F2P as a Recipe for an Awful Community?
I don’t play much League of Legends these days, but from time to time a friend convinces me to play a round or three in the evening. There are some things that I really like about the game and quite a few that I very much dislike. By far the worst are the other people you are playing with. The behaviour both towards team-mates and towards enemies is just awful in the game in general. When we played a couple of rounds on Friday, my friend and I discussed whether it might be the free-to-play nature of the game that attracts so many ill-behaved players.
The argument goes like this: Younger players in general don’t have as much money as older players and are therefore more drawn towards subscription-free (or even completely free) games. Older players in general are more mature than younger players. Therefore the community in subscription-based games is more mature than that in free-to-play ones.

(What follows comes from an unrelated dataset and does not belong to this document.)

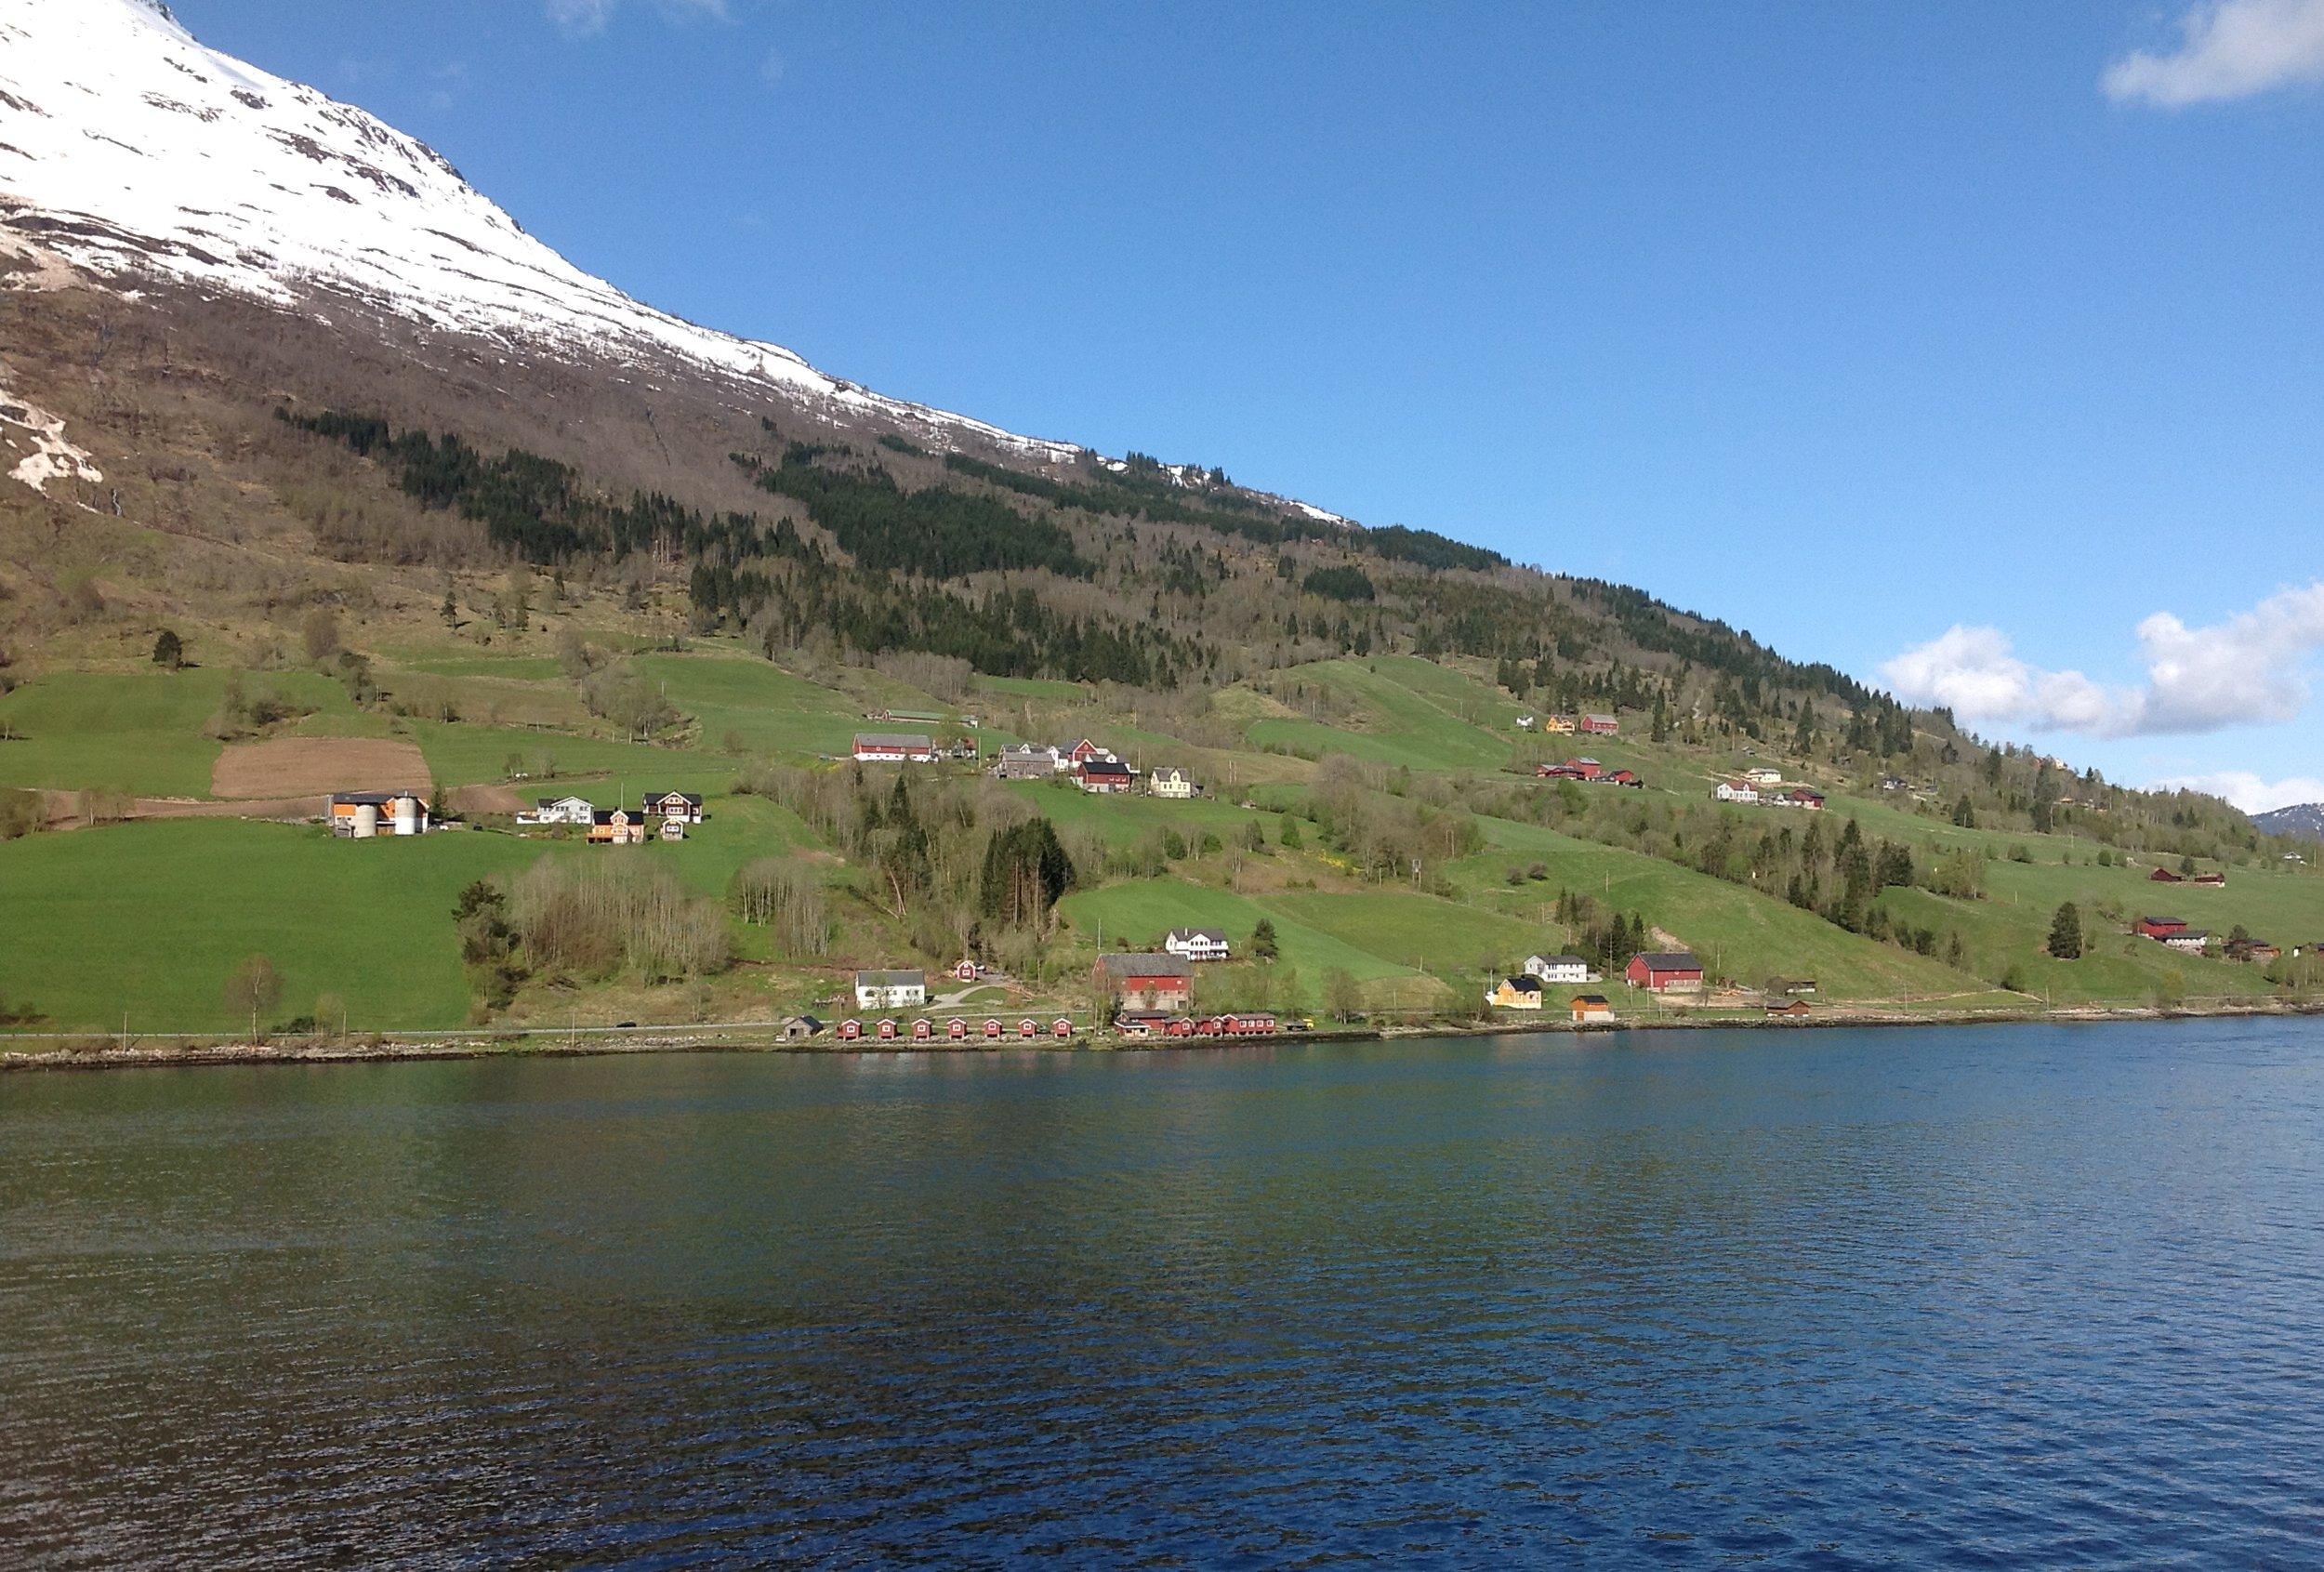 Heading for Bergen, Norway

Please note all the “in general” clauses in there because there clearly are very mature young players and incredibly immature older players just as there are young players with tons of money and older ones who can barely their internet connection fees. In general though I believe these arguments to hold true. The question is just how much of an impact this really has.
Clearly there are other things that make a community awful. You just have to look into shooters, especially console shooters, to see how little respect players can have for other human beings. These games are not free but still attract a much less civilized crowd of players than, say, RPGs. Sure, people are complaining about the World of Warcraft community as well, but I for one have never been tea-bagged in that game and rarely been insulted at all. And WoW has one of the lower quality communities among MMORPGs.
So there are other factors that define the quality of a community, but does the business model play a large role there or not? A comparison is hard to make, since subscription games are hard to find outside the MMORPG market. League of Legends is a DotA clone and pretty much all of those games have a pretty ugly base of players. All those games were free-to-play as well though, so we can’t deduct anything from that. I haven’t really played enough F2P MMORPGs to have a real opinion on how things work in that market. Maybe some Lord of the Rings Online players have an opinion on this? Did the player base as a whole loose quality since the game went free-to-play?
I’ve been called an elitist before (for example when I suggested paying to keep the casuals away (a post quite a bit more moderate than the title might suggest)), and surely it wouldn’T do my reputation any good if I would claim that one should use financial barriers to keep kids out of my games. It is a fact though that certain types of games attract a certain type of players that I don’t want to spend time with. Just as I avoid the clubs that are heavily frequented by 18-year-olds (not because there aren’t any people of that age that I could relate to, but because the percentage of those is very low), I avoid the games in which I have to interact with people that behave – in my opinion – improperly. I’m starting to think that F2P might be an indicator of such a game which in turn would make me prefer games with a subscription fee.